В отличие от мирика ушастика, куда я попала из ОТТУДА, мирик её был меньше и уютнее. Всё его пространство было заполнено розовыми светильниками всевозможной формы, плюшевыми игрушками, куклами и шарами. В воздухе витал запах карамели и ванильного мороженного.
Запахи… такие знакомые запахи…
бег… истерия… боль… головокружение… удар…
Морщусь от непонимания и тут же всё забываю. Даже запахи становятся незнакомыми.
Арис уже сидит на полу и обнимает большого зеленого слоника. Протягивает мне его плюшевую лапку:
– Соби, познакомьтесь. Его зовут Чайник! – малышка хихикает довольно и затем кричит так, словно не видела нас с Котовски долгое время. – Ну что же вы так долго?! Давайте играть!
Котовски полез куда-то в кучу игрушек и через некоторое время раскопок извлек старенький поломанный паровоз.
– Ту – ту! – весело пропел он и начал возиться с железной дорогой.
Так понимаю, что и мне нужно выбрать игрушку. Тянусь к огромной кукле с изрезанным личиком, но Арис останавливает меня:
– Это кукла Лукреции… Она не любит, когда её трогают чужие. За это она бьёт куклу. Или учит.
– Чему учит? – заинтересованно спрашиваю я, но как всегда, мой вопрос остается без ответа.
Арис дает мне розового медвежонка Пухастика, и я усаживаюсь рядом с ней.
Я играю в ИНФАНТИЛЬНАСТЬ. В игру мирика Арис. И мирик вокруг нас становится ярче, каждая вещь словно светится изнутри. Даже у куклы Лукреции исчезают порезы, и изодранное платье становится целым.
Я смеюсь, играя с мишкой. Арис нянчит слоника. А Котовски, отбросив паровоз, нервно чешет за кошачьим ухом:
– Хватит играть… Соби пора к Велиару за собственным мириком. А то вдруг она исчезнет, как…
– Как Златовласка?! – восклицает Арис и плачет – Нет, не хочу… Я уже подружилась с Соби!
Котовски успокаивает прижавшуюся к нему девочку, подавая салфетки из её же набивной груди, и грустно смотрит на меня.
– Златовласка была еще до Руминистэ.
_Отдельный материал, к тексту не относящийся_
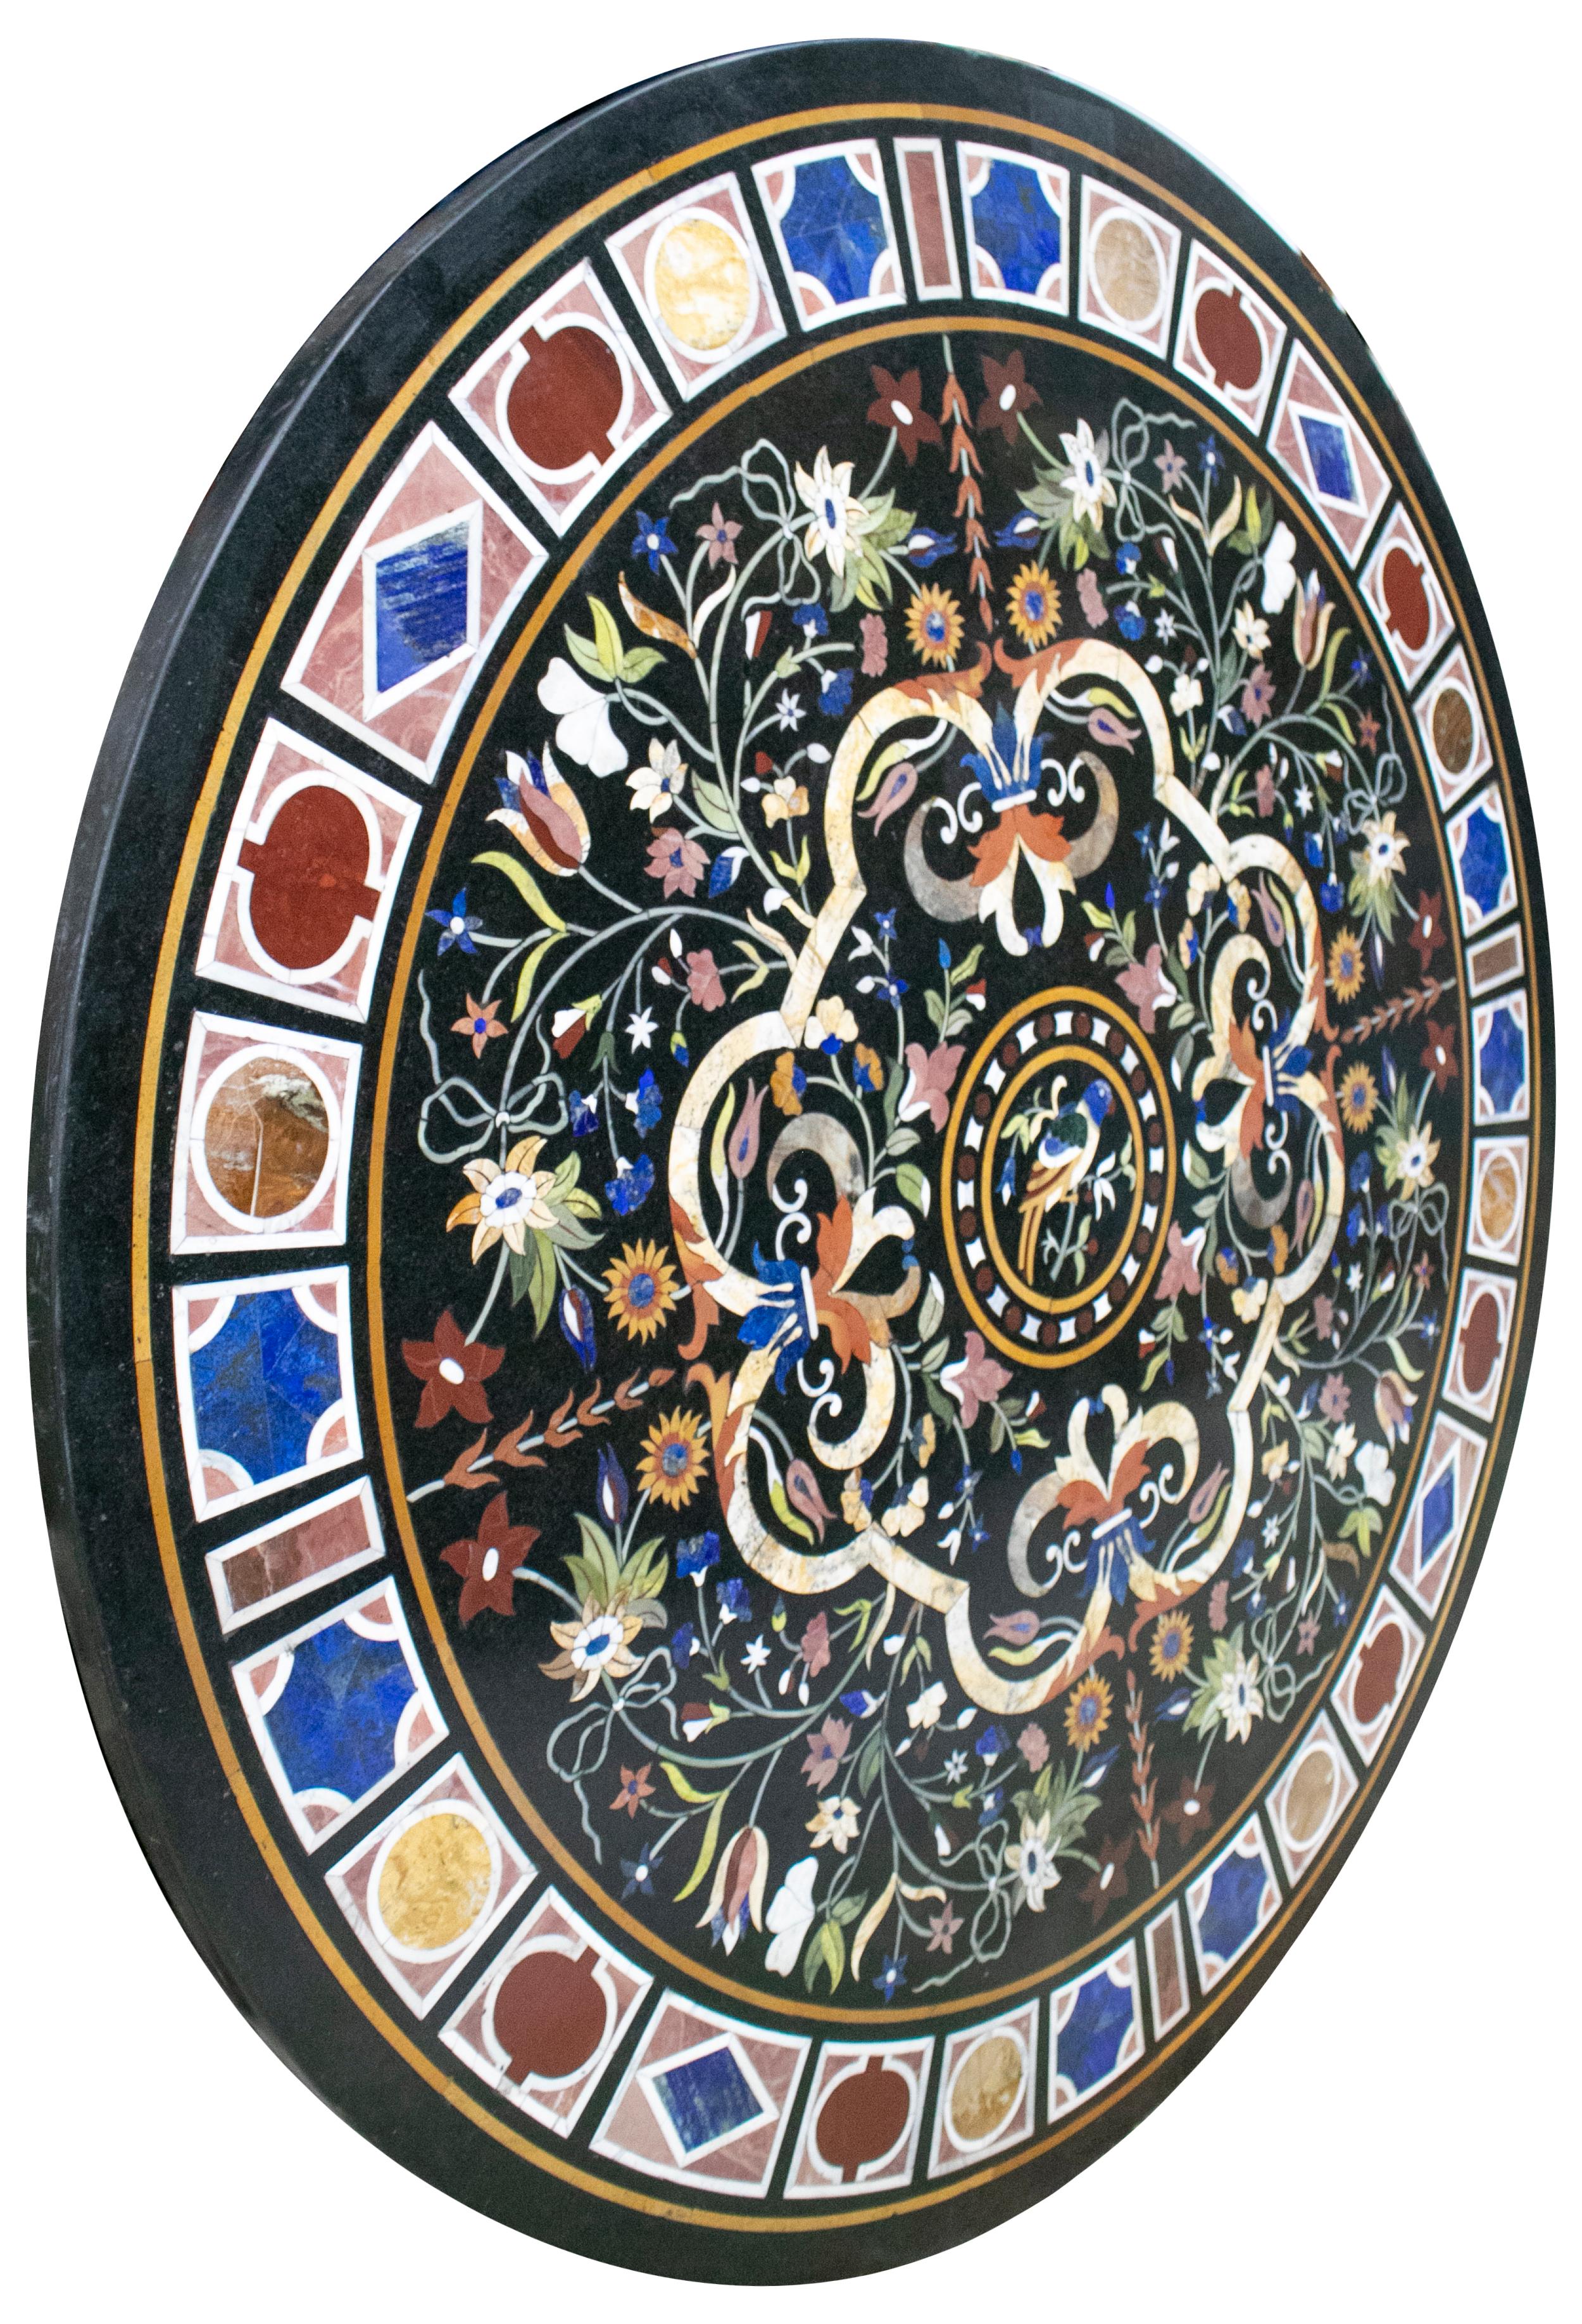 Klassische italienische Tischplatte aus schwarzem Marmor aus Pietra Dura-Stein, verziert mit einem Vogel, umgeben von Blumendekor und einem geometrischen Rahmen. Handgefertigte Mosaikeinlage aus blauem Lapislazuli und einer Auswahl von

После меня, – как будто ставит он временные рамки для моего понимания. – Она была очень красивая. Я даже простил её за то, что она была девушка.
На какое то мгновенье он замолкает, и я вижу в его зеленых глазах боль. Странно видеть его таким.
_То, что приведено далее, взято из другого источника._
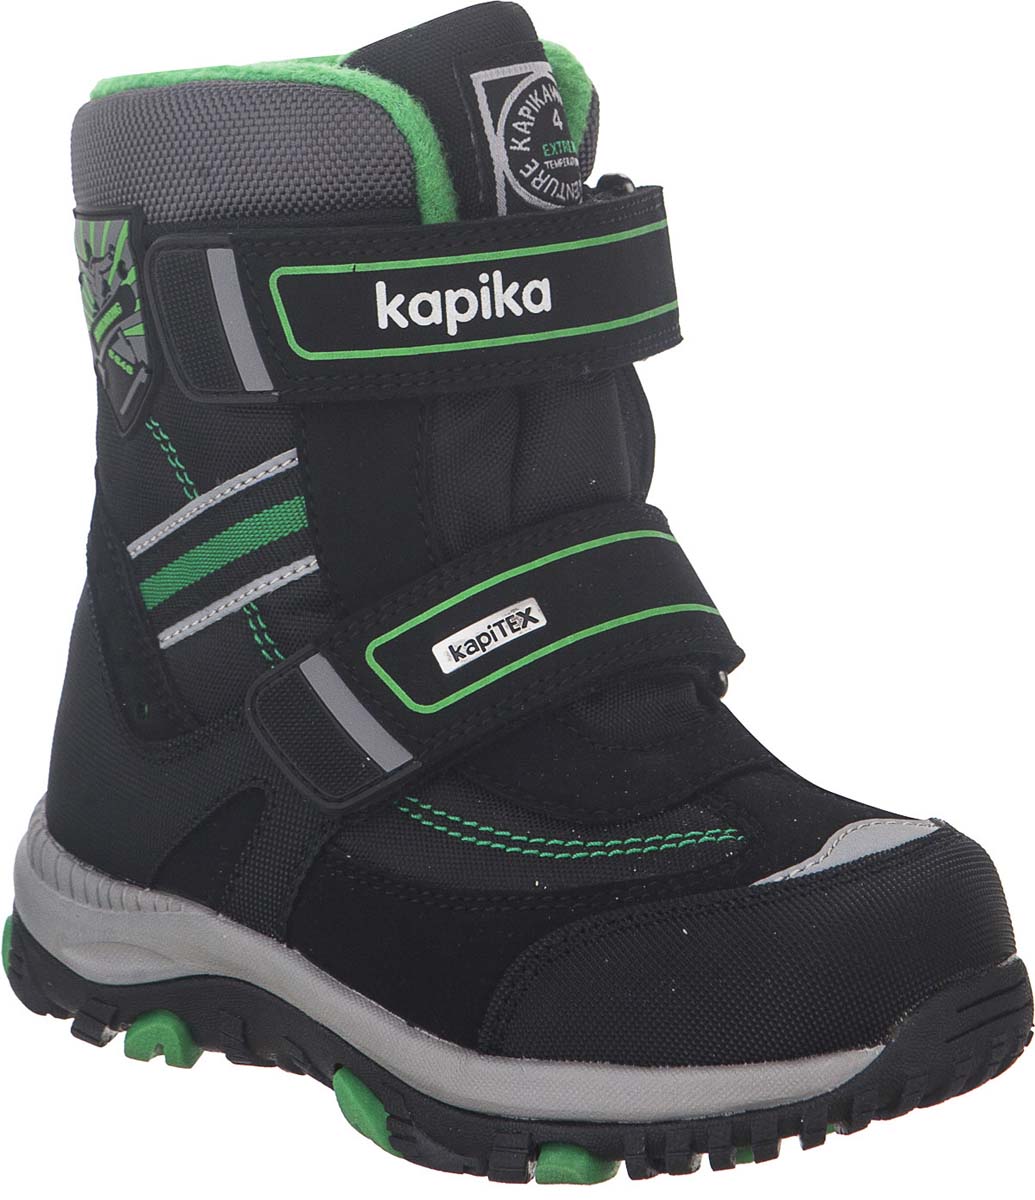 Ботинки для мальчика Kapika KapiTEX, цвет: черный, зеленый. 42204-1. Размер 31

– Это моя вина, что Златовласка исчезла. Хотя Велиар говорит другое… Он говорит, что она вернулась в ОТТУДА-НЕИЗВЕСТНО-ОТКУДА. Чтобы БЫТЬ… Но я не верю ему…
– Котовски помог ей создать свой мирик, очень красивый мирик, – всхлипывает Арис. – Мы часто играли в игру Златовласки – ПАЦЫЛУИ, смешно так было! Лукреция правда не играла с нами в неё, она боялась. А потом…
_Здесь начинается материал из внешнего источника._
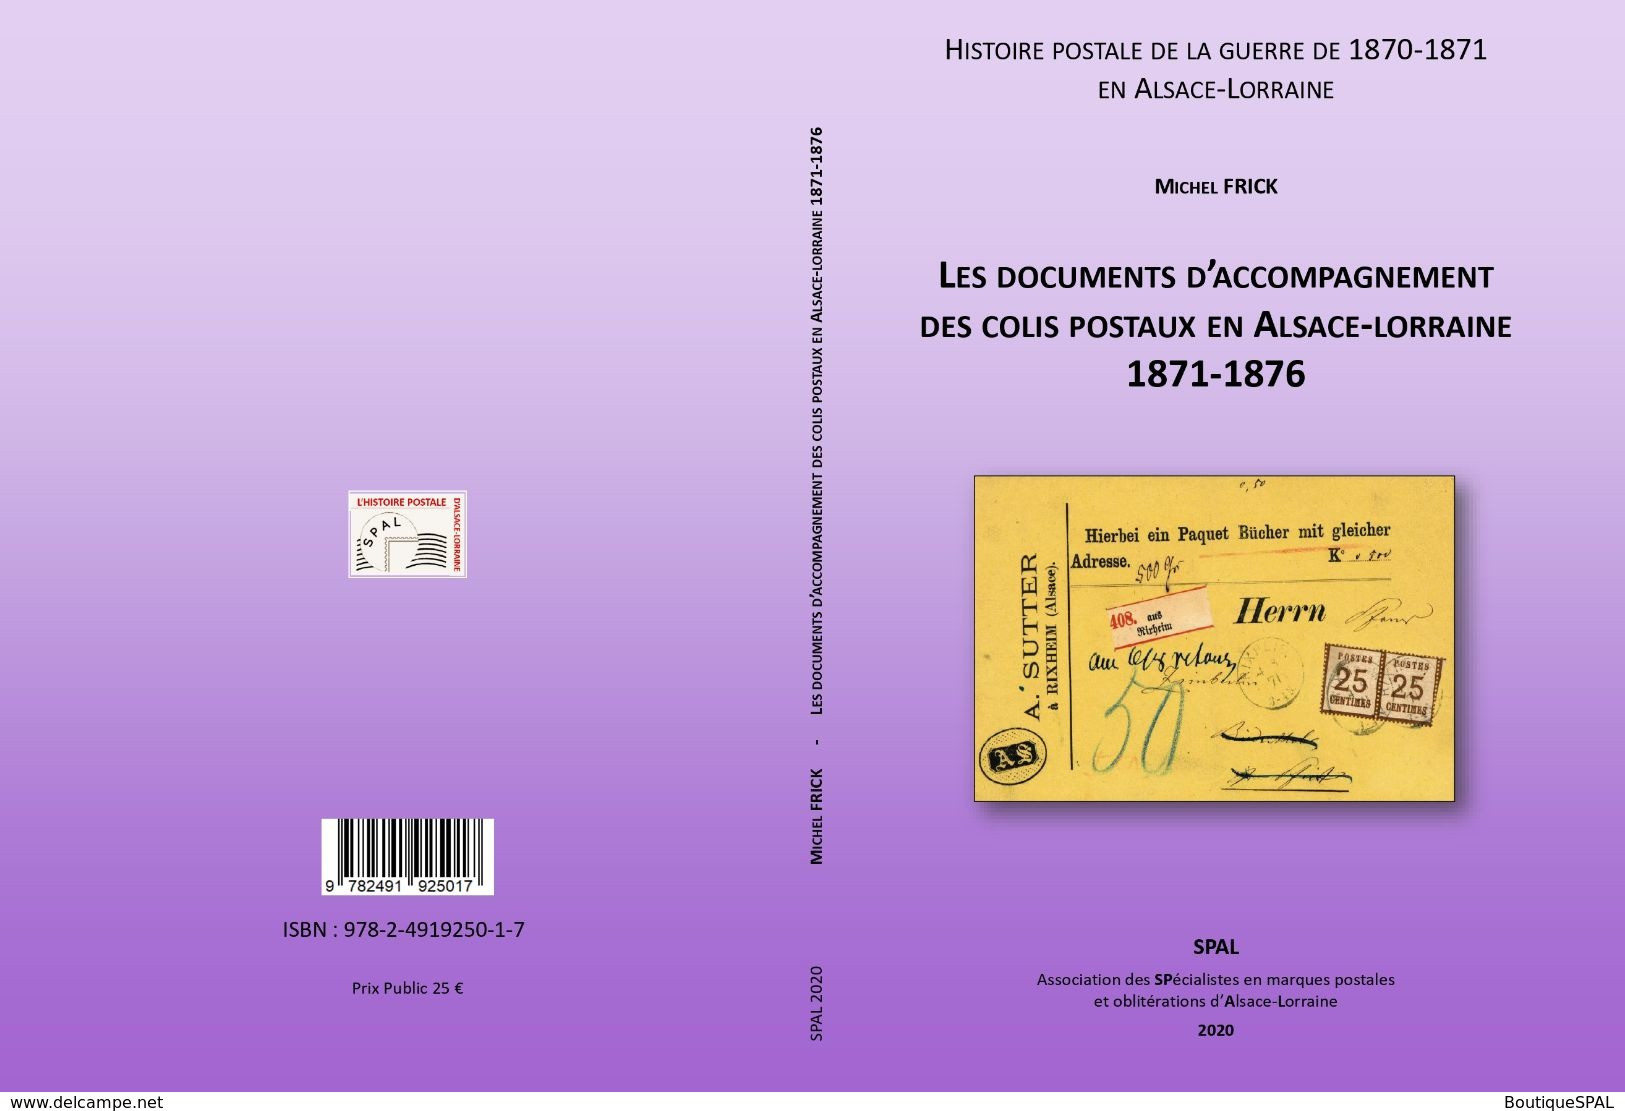 Les Documents D'accompagnement Des Colis Postaux D'Alsace-Lorraine 1871-1876 - Elsass Lothringen - SPAL 2020 - Posta Militare E Storia Militare

Котовски зажал рот Арис рукой в болезненной судороге, достал молча свое зеркальце и, раскрыв его, показал содержимое. На одной из половинок лежало маленькое сердце в виде замка:
– Ключ Златовласки… Я коснулся его, нечаянно, и она исчезла. Растворилась. А мирик стал серым и каждая вещь…
– Превращалась в пепел. – Закончила Арис за него.
Стою и молчу, наполненная непонятной тоской и непониманием. Лаэрен с его загадками не находит отклика в пустоте моей памяти.
Абсолютно новые знания. Значит ли это, что я – не часть Лаэрена…
– Велиар говорит, что исчезают все. Что так же исчезли все те, кто был до нас. – Арис недовольно пинает мяч. – Но он врёт. Он самый первый здесь и поэтому врёт…
– Я ведь не исчезну! Правда, Котовски? – прижимается ещё крепче она к нему и замирает.
В мирике Арис тишина.
И мне страшно от всего, что происходит. Мне страшно от того, что всё может исчезнуть.
И мне страшно оттого, что так мало знаю.
Котовски берет меня за руку и шепчет:
– Пора к Велиару.
Велиар Миттеру
Загорелась уже знакомо серая плита, и Котовски стукнул по ней ногой.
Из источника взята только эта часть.